By: MS (ms.delete@this.lostcircuits.com), January 19, 2011 2:32 pm
Room: Moderated Discussions
MS (ms@lostcircuits.com) on 1/18/11 wrote:
---------------------------
>David Kanter (dkanter@realworldtech.com) on 1/18/11 wrote:
>---------------------------
>>MS (ms@lostcircuits.com) on 1/18/11 wrote:
>>---------------------------
>>>David Kanter (dkanter@realworldtech.com) on 1/18/11 wrote:
>>>---------------------------
>>>>MS (ms@lostcircuits.com) on 1/18/11 wrote:
>>>>---------------------------
>>>>>David Kanter (dkanter@realworldtech.com) on 1/18/11 wrote:
>>>>>---------------------------
>>>>>
>>>>>
>>>>>>
>>>>>>Look at the bandwidth for a 512KB or 1MB data set. That's large enough to spill
>>>>>>into the L2 cache (128KB or 256KB/core). The respective bandwidth numbers are ~300GB/s
>>>>>>and 250GB/s for a 3.4GHz part that can hit a peak of 3.8GHz with 4 cores active.
>>>>>>
>>>>>>300GB/s --> 75.0GB/s per core --> 19.7-22.1B per core*cycle
>>>>>>
>>>>>>250GB/s --> 62.5GB/s per core --> 16.4-18.4B per core*cycle
>>>>>>
>>>>>>Both of these numbers suggest that the theoretical maximum must be above 16B/cycle,
>>>>>>since the test will not hit 100% of peak.
>>>>>>
>>>>>
>>>>>>David
>>>>>
>>>>>You cannot fit a 512kB data set into a 256kB cache, the >numbers you were looking
>>>>>at appear to be LLC rather than L2. L2 numbers are >everything from 32kB to 256.
>>>>
>>>>My understanding is that it's a total of 512KB that is split between the 4 different
>>>>caches. I don't really place much faith in tools like Sandra in the first place,
>>>>and they certainly do little to explain the precise nature of the tests.
>>>>
>>>>>I ran the benchmark, though on a single thread and I am >getting 75GB/sec for both
>>>>>L1D and L2, which comes out to 21.8 bytes/ cycle (at >3.7GHz) so you are probably right about the 32-byte path.
>>>>
>>>>Do you have any way to verify that the hits are occurring in the L2 and not L1D?

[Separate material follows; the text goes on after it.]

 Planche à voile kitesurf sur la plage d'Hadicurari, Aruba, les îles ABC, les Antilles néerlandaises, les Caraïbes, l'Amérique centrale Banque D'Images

>>>>Or are you using a larger data set that is only fully resident in the L2?
>>>>
>>>>David
>>>
>>>Sandra uses an adaptation of Stream just like everybody else and I am actually
>>>talking quite often to Adrian regarding some of the benchmarks and for the most
>>>part they are just as good as any other esoteric bench.
>>>
>>>Each core has a 256 kB discrete L2 cache which gives a combined 1MB L2 but they
>>>are discrete and you cannot span data across them, which is the fundamental difference
>>>to a shared cache like the L3 or LLC.
>>
>>I'm aware : )
>>
>>>If it is a data set, then that is one "coherent data structure" which means that
>>>if there are discrete caches for the different cores, the data set cannot span across
>>>core boundaries.
>>>In other words, the max size that fits into the L2 cache is 256kB
>>>for each data set. Similarly, any data structure that is larger than 32kB will
>>>not fit into the L1D but has to go into the L2 cache.
>>
>>Yes, that's true, but you can fit 32KB of your large structure into the L1 cache.

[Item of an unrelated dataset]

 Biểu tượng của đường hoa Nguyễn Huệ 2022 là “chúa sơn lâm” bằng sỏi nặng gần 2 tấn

>>If many of your accesses fall within the 32KB in the L1 cache, the bandwidth numbers
>>may be skewed upwards. IOW, you want to be sure that the accesses are missing in
>>the L1 cache and hitting in the L2 cache. Although the L1 read bandwidth is similar
>>to the L2 bandwidth, the latency will have an impact on achievable bandwidth as will the number of in-flight misses.
>>
>>Put another way - there are plenty of ways to access a 256KB data structure in
>>such a way that the majority of reads are serviced from the L1 cache. Especially with a clever prefetcher.
>>
>>I would think that Sandra is designed to avoid such things, but it's frankly very difficult to tell.
>>
>>>Does that answer your question?
>>
>>Not quite. It sounds like you were using a 256KB data set with a perfectly strided
>>access pattern for your test, is that correct?
>>
>>DK
>
>As I mentioned, Sandra uses STREAM, that is a linear access pattern, so yes.
>
I checked, and you were, indeed, correct with respect to the size of the data blocks in Sandra which is given in form of the aggregate block size, i.e. test block x number of threads if you run the default configuration. When you disable multithreading and hyperthreading, then the size refers to the individual data set.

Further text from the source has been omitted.